Years back, she discovered an essay written by her husband, “My Life Runneth Over.” She found it in an envelope, tucked away in a book, never knew it was there.
“I’ve read it 36 times since he passed away,” she said. “I was in tears.”
She is proud of her family. She walks to the hallway, where a wall is filled with pictures. There is her oldest daughter, Melody. There’s Happy, Jolly, Gay and Honey. Yep, those are their names.
Why such, well, merry titles for each child.
“Because, that’s who I am,” Donna says.
Friends still call Donna and ask, “Will you please motivate me?”
Of course, with a few conditions.
“If you do exactly as I tell you,” she answers.
Open the refrigerator, she says, and get rid of everything you have that’s been in there too long, that’s no good for you. Then, exercise. Run, walk, whatever. Just go. Be committed. Believe in the impossible.
Schulze says she used to have diabetes and high blood pressure. No more. She beat it with exercise, diet and positive thoughts. She played basketball on a senior team right up to her doctor’s diagnosis.
People, Schulze says, are responsible for their lives. There is no trick to good health. No secret.
“Pills and doctors, can’t do everything,” she said.
The Oregon State University graduate was in her 40s when she earned her physical education degree. Some say she was too old and couldn’t, shouldn’t do it.
Donna didn’t listen. She did it. This is a woman, after all, who finished her first marathon when she was 54. Again, people said she couldn’t do it. She did.
“I motivate people to do things, health, fitness, shopping, save money, vacation,” she says.
There was even a book written about her “The Lavender Lady of Kilauea,” by Lori Dill. On the cover, Donna wears, of course, a lavender sweater while holding her best friend, Patches. It is a touching tribute.
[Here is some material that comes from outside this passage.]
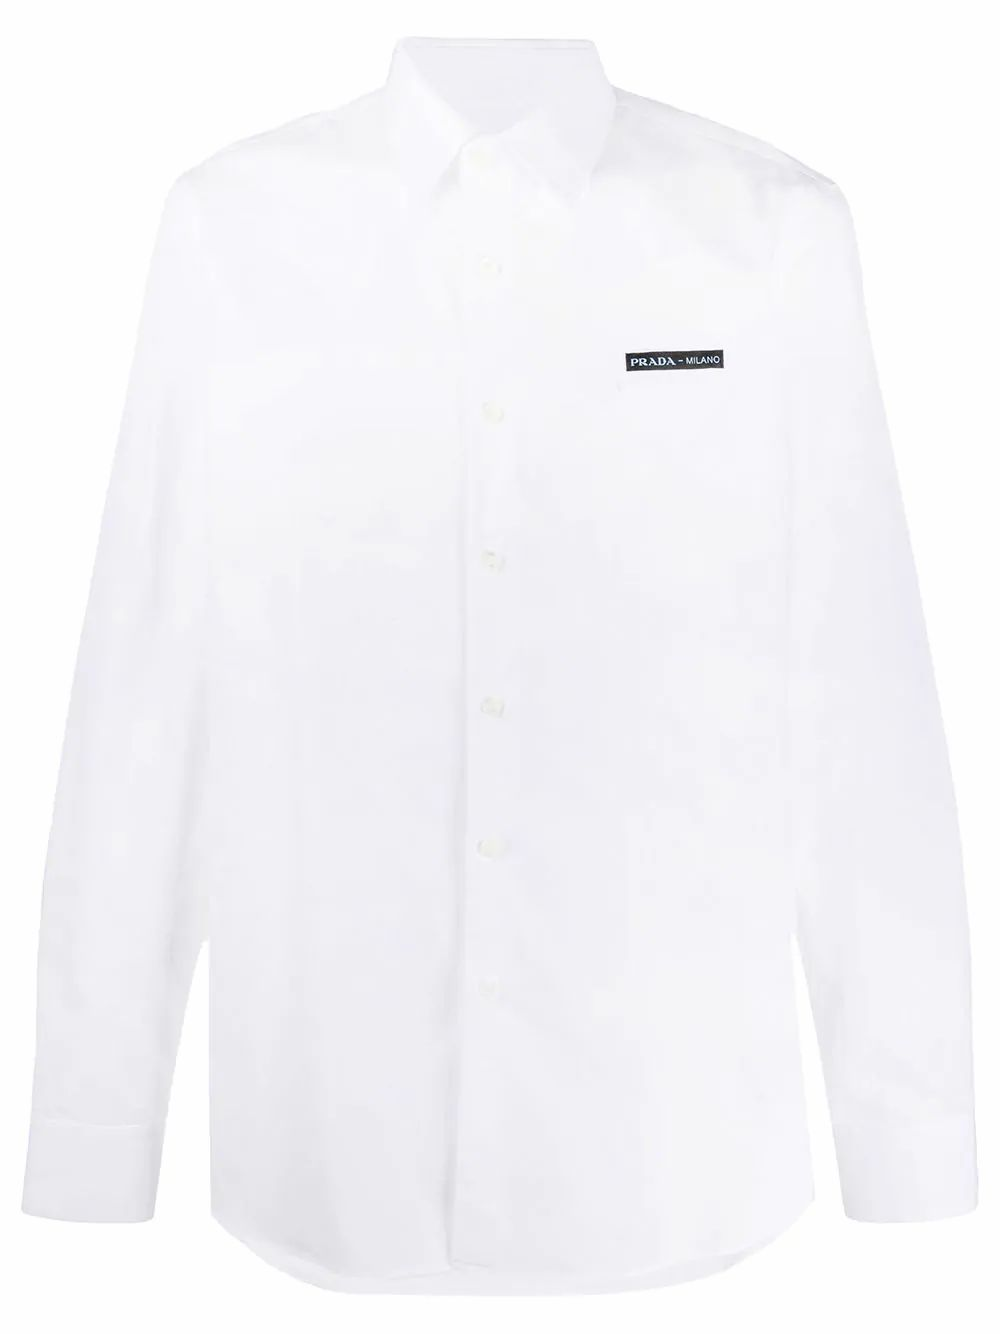 Prada Cottons PRADA MEN'S WHITE COTTON SHIRT

On the back is a Bible verse, “I can do all things through Christ who gives me strength.” — Philippians 4:13 “The Lord controls my life,” says Schulze, who attends North Shore Christian Church. “I do what he tells me to do.”
So, her days numbered, Donna Schulze will do what she does best, what the Lord tells her: Encourage, motivate, inspire, lead. Not by words only, but actions.
She will, she says, live gracefully for all her days.
“That’s how you face death,” she said.